On March 20th, the Penn State chapter of Keep A Child Alive hosted its 5th annual Kball. The ball itself is a replica of the national organization’s Blackball, which purpose is to raise awareness on the pandemic of HIV/AIDS.
This year, Kball was held at Atherton Hotel, a rather elegant and sophisticated venue. The ball was held in one of the hotel’s ballrooms. Inside of this ballroom, there were crystal chandeliers hanging from the ceiling, round tables covered with pure white table tablecloths, and a decent size dance floor that twinkled under the lights. Guests commented on the beauty of the ballroom as they walked in.

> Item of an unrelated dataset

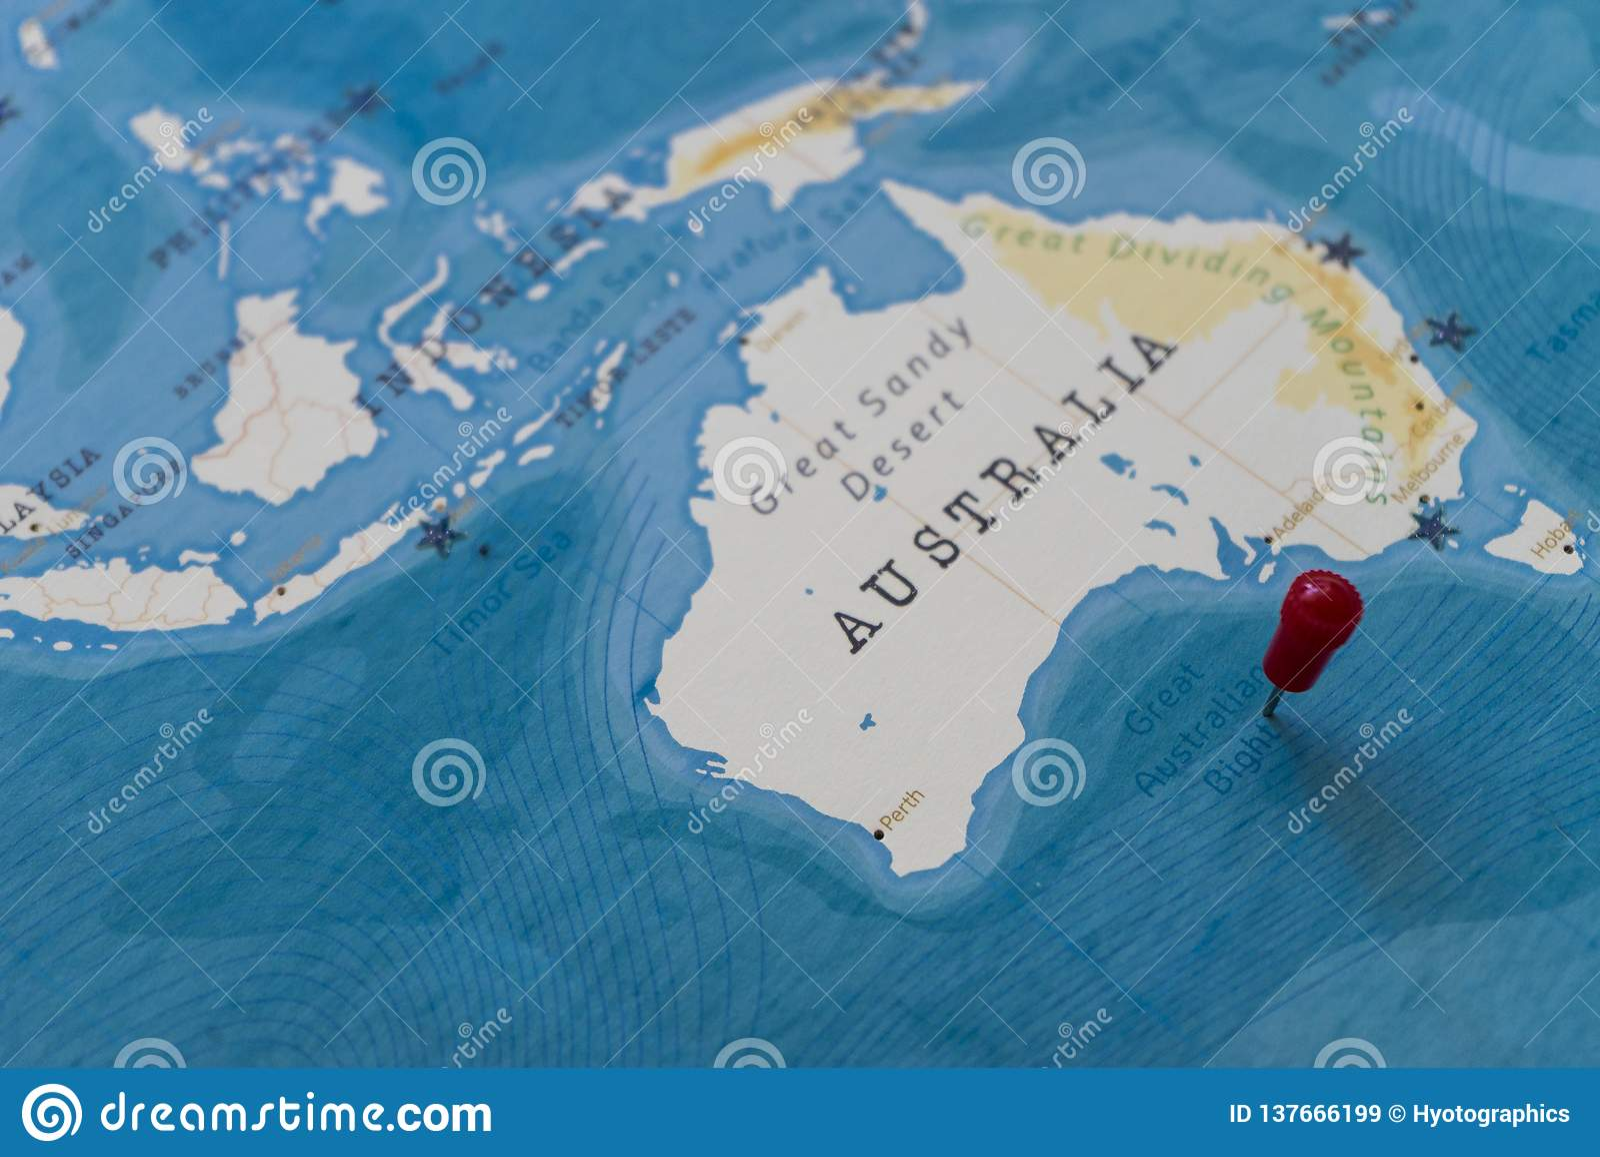 Australia Map Great Australian Bight.A Pin On Great Australian Bight In The World Map Stock Image

The program started with the executive board at the podium, welcoming everyone to Kball and stating their mission. Their mission is “to realize the end of AIDS for children and families by combating the physical, social and economic impacts of HIV, and engaging the community in this fight against AIDS.”
After the brief introduction, the Vice President of the organization handed the microphone over to the MC’s for the night. The MC’s were Jerrie Johnson, a senior at Penn State, and her partner was Khalif Dobson. These two kept the crowd engaged and energetic through their jokes and introduction of various performers throughout the evening.
There were wonderfully orchestrated performances throughout the night. First, two poets from W.O.R.D.S. pulled at heartstrings with a spoken word. Then, the Afrique Fusion dance group brought everyone back to Africa, the motherland, with their mixture of traditional African dance and music. Finally, two twins named Deme and Desne sang a beautiful, authentic piece that was followed with a standing ovation.
Not only were the performances great, but the food was spectacular. There were three different choices for the main entree, and five different dessert choices. After dinner, the guest of honor was introduced.
Juanita Williams, a woman living openly with AIDS, came to the podium. She debriefed us, saying that she has been in retirement for a few years now, and that she came out of it to speak to us. She explained her story about how she was discriminated against after unknowingly being tested for HIV/AIDS. Ms. Williams stressed the importance of safe sex and getting tested. She concluded by noting how refreshed she felt to see awareness and prevention of HIV/AIDS being done by organizations like Keep A Child Alive. Ms. Williams hopes that her grandchildren will be able to live in a world where HIV/AIDS is eradicated.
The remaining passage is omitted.